Exercise data
──────────────────────────────

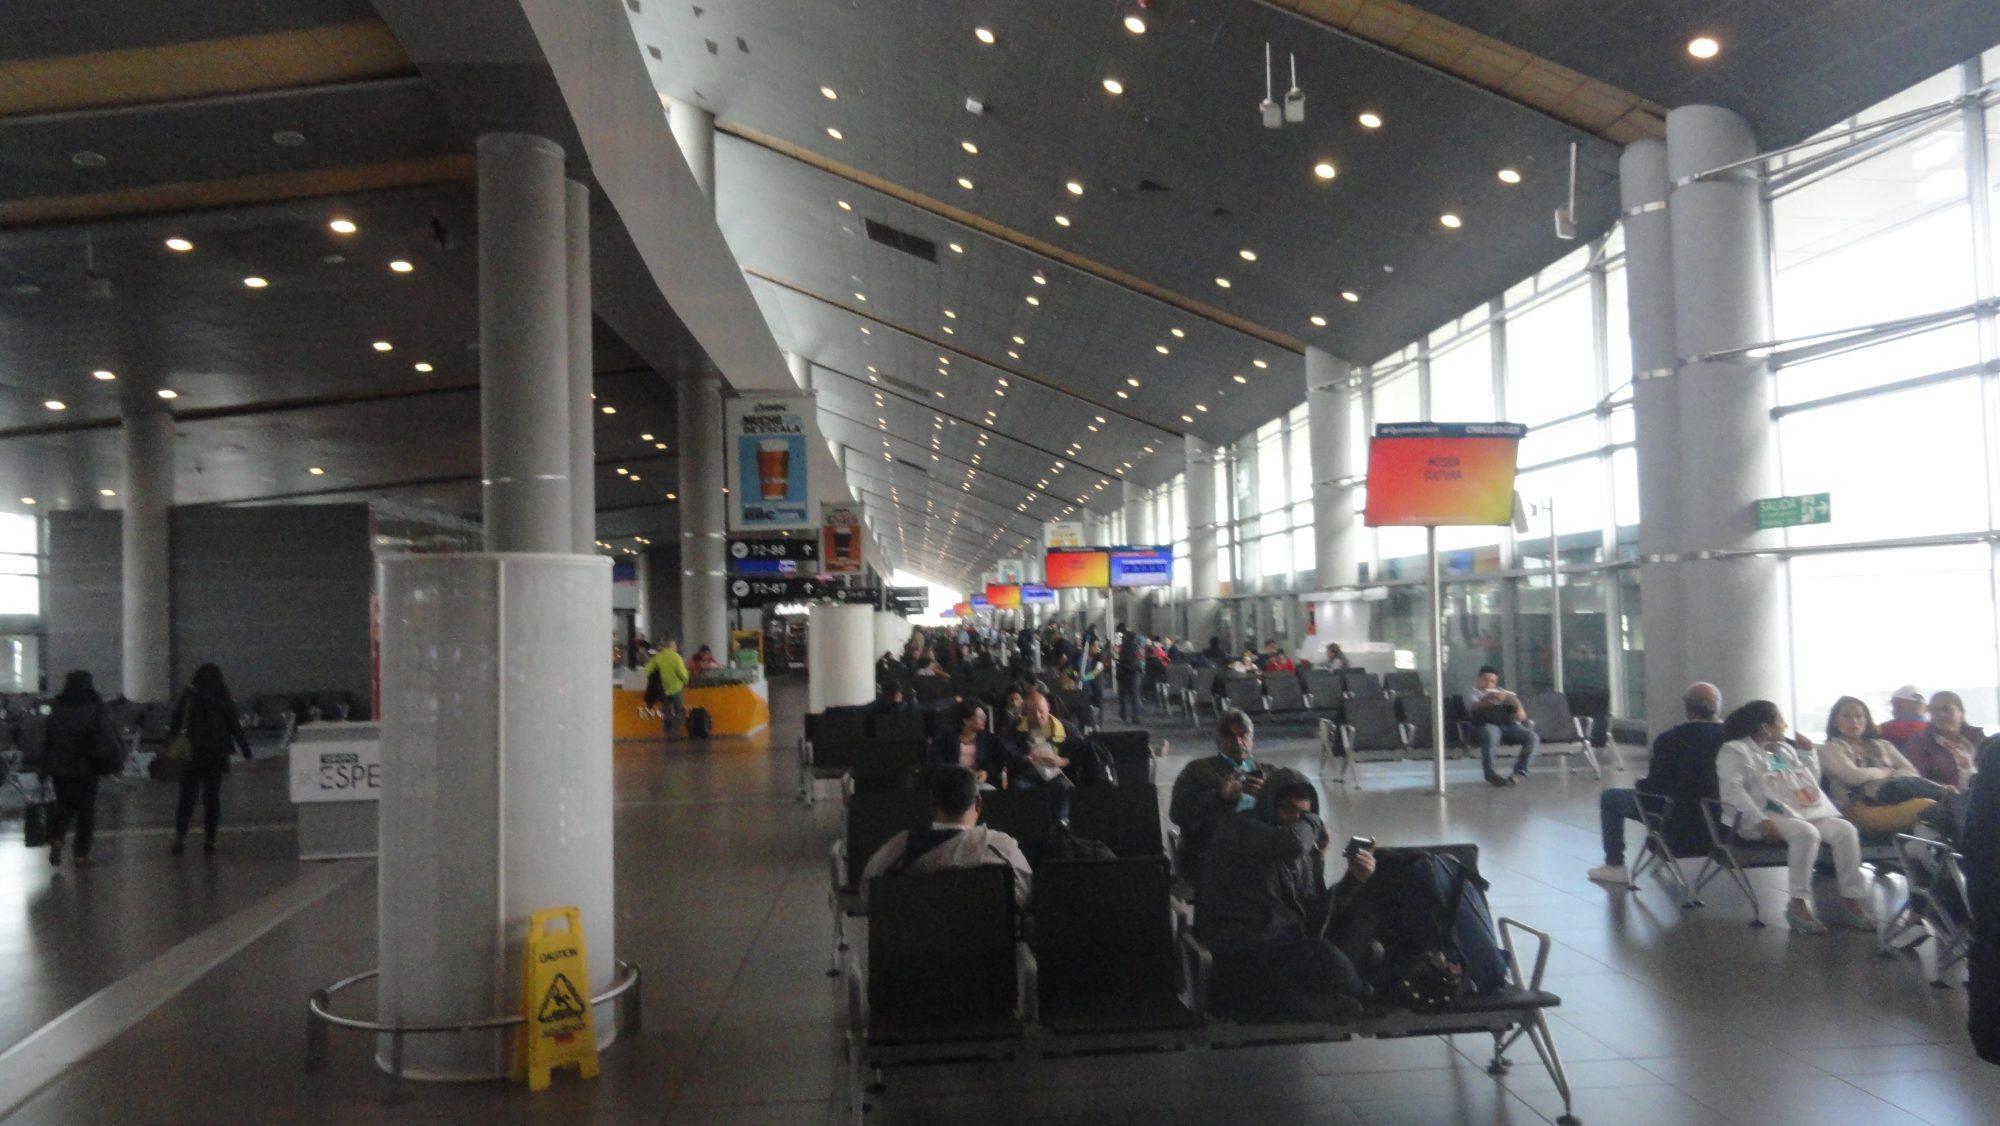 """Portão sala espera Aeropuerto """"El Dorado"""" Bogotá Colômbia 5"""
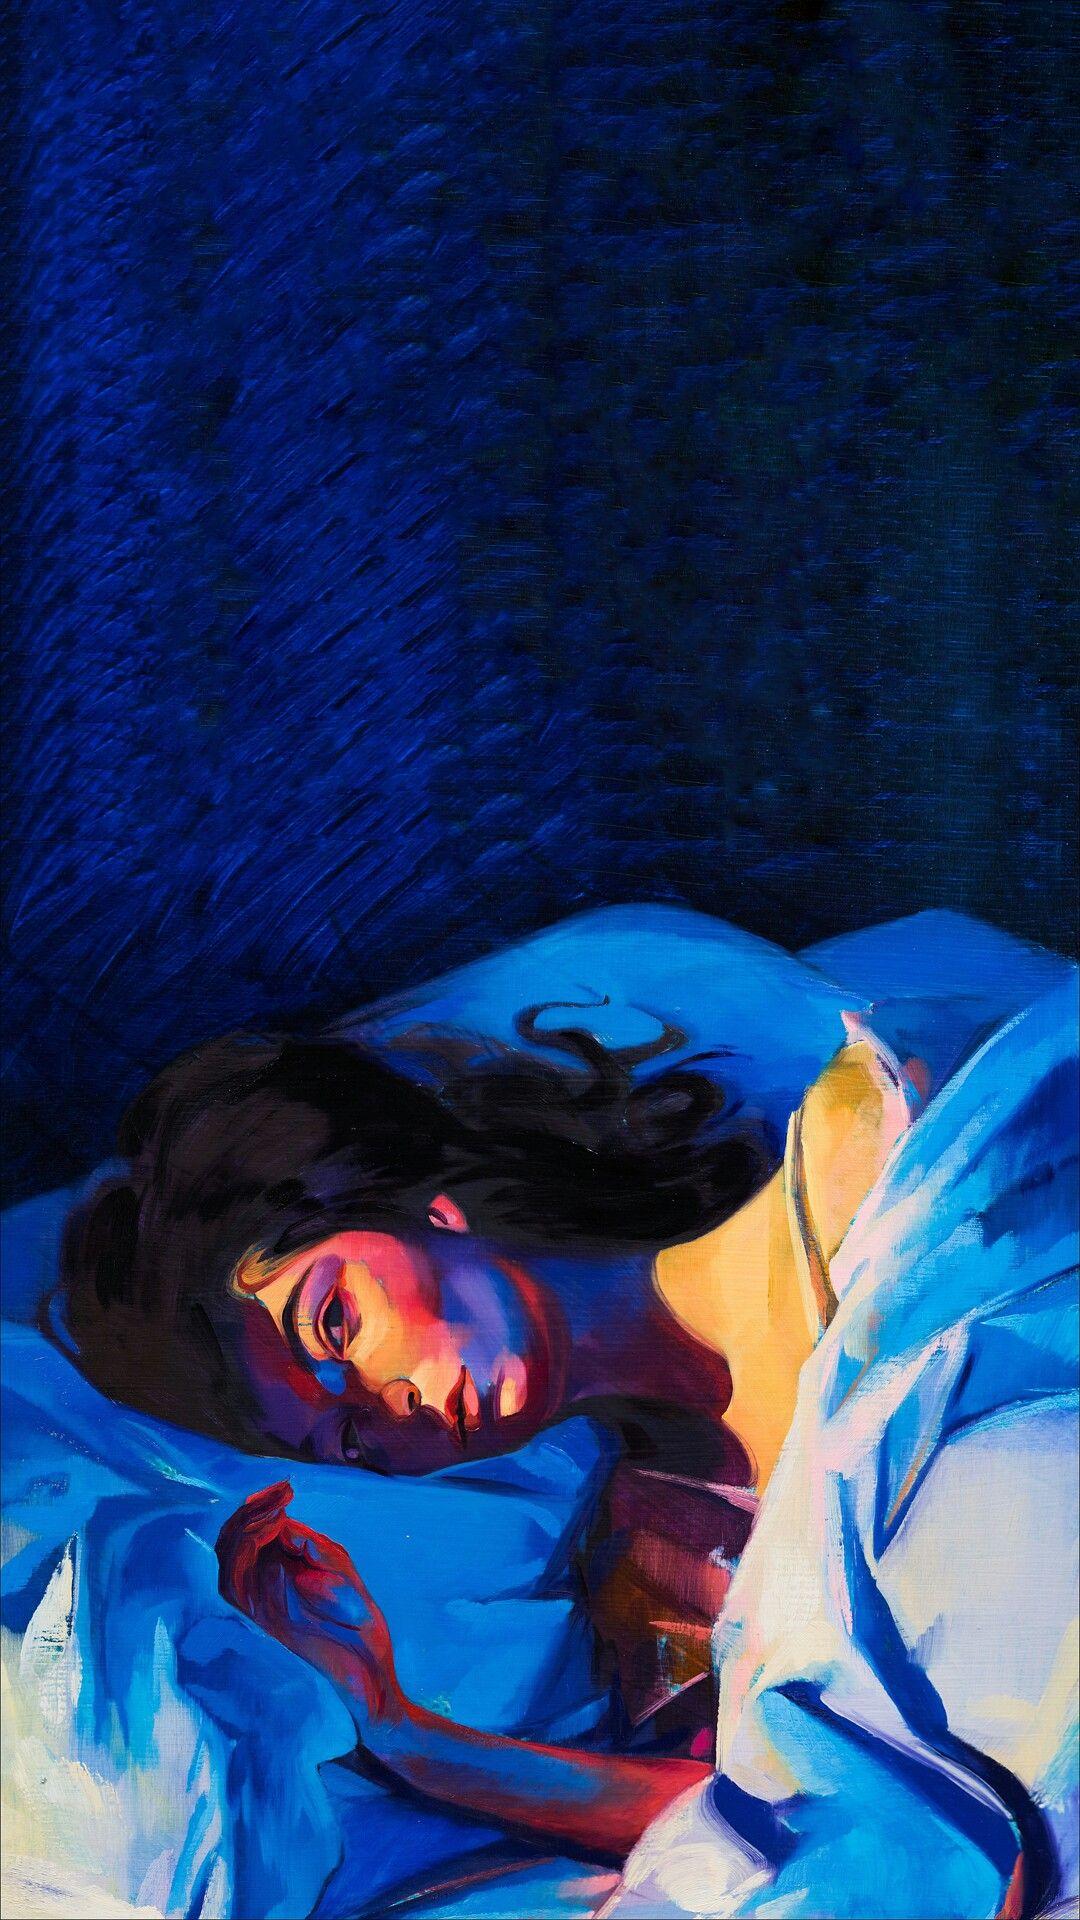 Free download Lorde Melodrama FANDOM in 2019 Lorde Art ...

──────────────────────────────

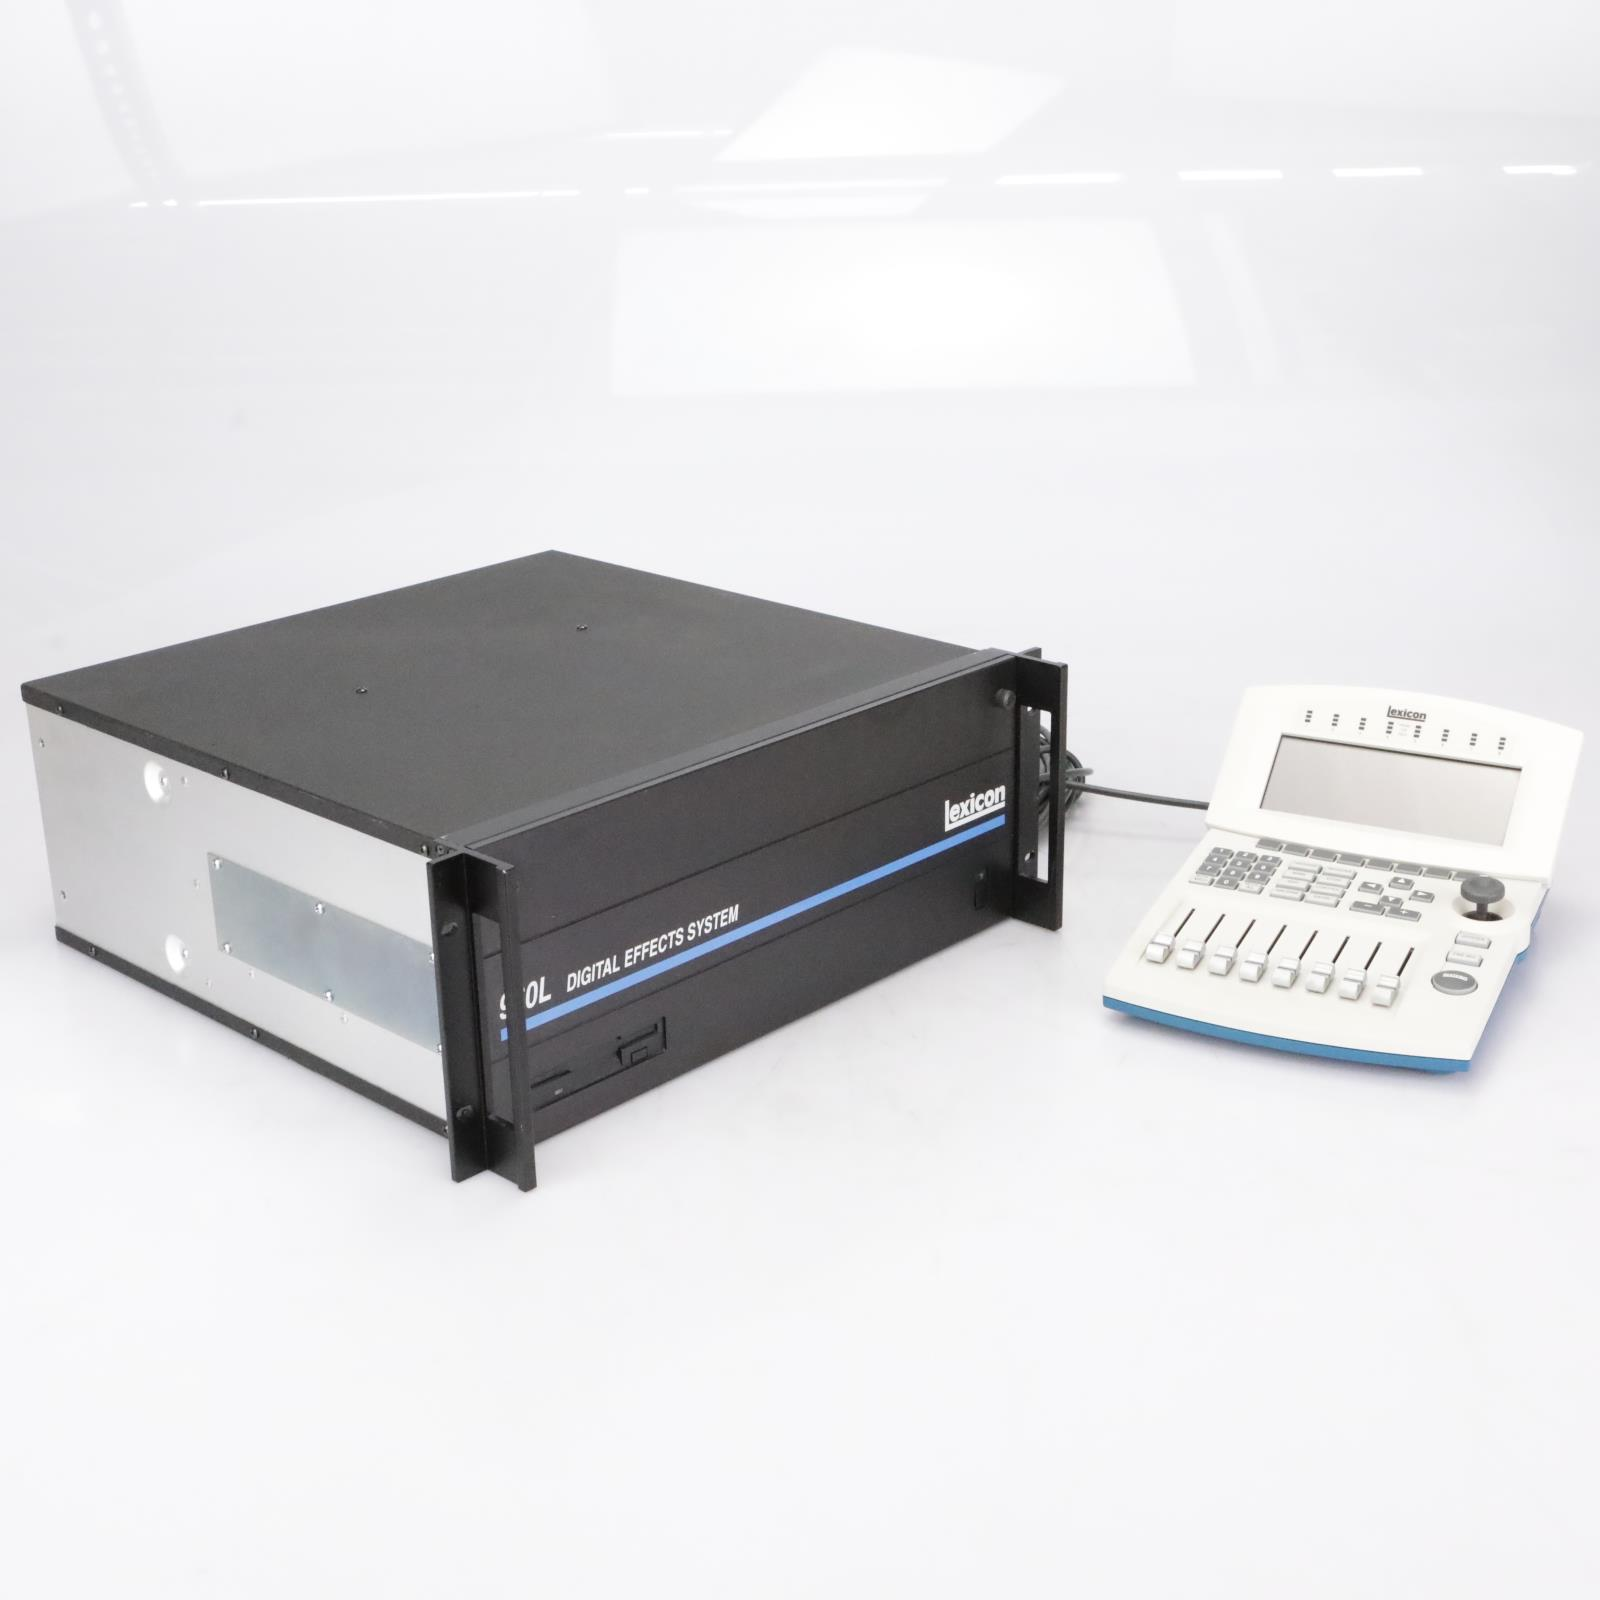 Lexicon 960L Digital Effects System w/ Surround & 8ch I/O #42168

──────────────────────────────

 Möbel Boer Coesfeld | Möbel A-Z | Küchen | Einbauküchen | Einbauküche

──────────────────────────────

Action item
Using the entries above, write out exactly the lines from the one with "sala espera Aeropuerto" through the one with "Free download Lorde", ends included. Leave out any pictures.

Exercise output
 """Portão sala espera Aeropuerto """"El Dorado"""" Bogotá Colômbia 5"""
 Free download Lorde Melodrama FANDOM in 2019 Lorde Art ...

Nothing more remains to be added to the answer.